Pages

dimanche 2 mai 2021

Une peur

 

 

 

A droite, le grand  fauteur*  de troubles !

 

 

Et voilà que ressurgit l'une de mes peurs d'enfant suite à : "Quelles questions vous posiez-vous lorsque vous étiez enfant ?"

A la réflexion, je n'ai pas trouvé beaucoup de questions datant de cette époque  lointaine. 

Cependant, si, l'une d'entre elles ne s'est pas effacée...

"Si j'ai avalé le noyau de ma cerise, est-ce que je vais mourir ?"

La naïveté de mes six ans,  proche de la niaiserie, me plongeait souvent dans un doute immense quant aux conséquences d'une action.    

 

Ce soir-là, nous avions une invitée, infirmière, amie de mes parents. Le repas venait de se terminer et ma mère apporta un grand plat de cerises, fraîchement cueillies, brillant des dernières gouttes d'eau de leur rinçage.  Charnues, d'un beau rouge sombre, une pure merveille ! 

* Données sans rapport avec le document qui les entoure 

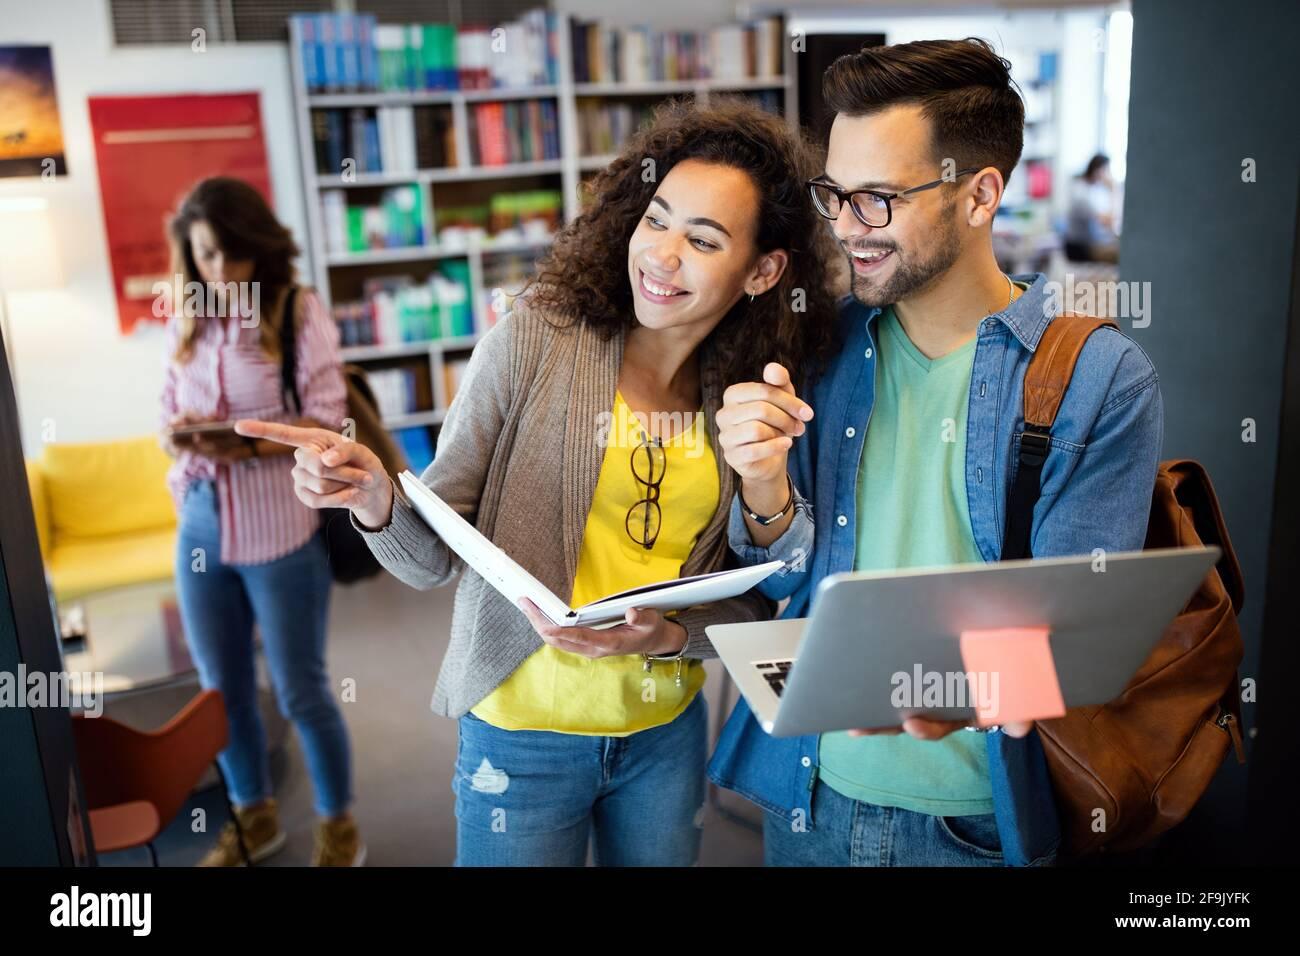 Gruppo di studenti studiano in biblioteca. Apprendimento e preparazione per l'esame universitario. Foto Stock

En déposant le plat, ma mère me regarda et dit :

-- Surtout n'avale pas de noyaux en les mangeant !  

Après quoi, elle repartit vers la cuisine.

L'amie mit une poignée de cerises dans une assiette et  la fit glisser devant moi puis continua à s'entretenir avec mon père. 

Tout occupée à croquer les fruits et, en même temps, à écouter la conversation des adultes, je fus distraite et avalai l'un des noyaux. 

Lorsque je réalisai l'erreur, je me figeai une seconde avant d'annoncer d'une voix tremblotante qu'un noyau était passé dans mon estomac, lui aussi.

L'amie me regarda, se mit à rire et me dit :

-- Oh ! Tu vas avoir un cerisier qui va pousser dans ton ventre ! 

Mon père sourit sans intervenir. 

Comment alors ne pas accorder crédit aux propos de cette amie ? Elle était infirmière après tout,  elle savait donc de quoi elle parlait.

Mais quelle horreur ! un arbre dans mon ventre ? ? ?  L'effroi m'envahit.  Je commençai à sentir le noyau s'ouvrir et le germe pousser. Combien de temps faudrait-il pour que les branches se développent ? Allaient-elles me sortir par la bouche et le nez dans les jours à venir ? Cela allait-il me faire mourir ? Cette idée devint presque une certitude ! 


Je fis un effort immense pour ne pas me mettre à pleurer. Ma mère m'avait bien recommandé de ne pas avaler de noyaux et, connaissant son tempérament nerveux, il valait mieux ne plus me faire remarquer. 

Rongée par l'angoisse, je repoussai l'assiette de cerises et me tins coite jusqu'à l'heure du coucher, ressassant encore et encore l'idée d'un arbre incrusté dans mon ventre.

Dans mon lit, le sommeil n'arriva pas immédiatement et j'eus le temps de ressentir les chatouillements provoqués par le frôlement des  premières feuilles du cerisier sur les parois de mon estomac....

Peut-on parler de l'adaptation des enfants aux petits drames de leur vie ? En tout cas, le lendemain matin, l'angoisse m'avait quittée et la vie reprit son cours.

Ma foi, j'étais une petite nigaude qui  avalait aussi bien les propos irréfléchis que les noyaux de cerises.

 

 

 

* je n'ai pas trouvé de féminin pour ce mot mais, vu l'évolution de notre société, peut-être, ces dernières années,  en a-t-on créé un ???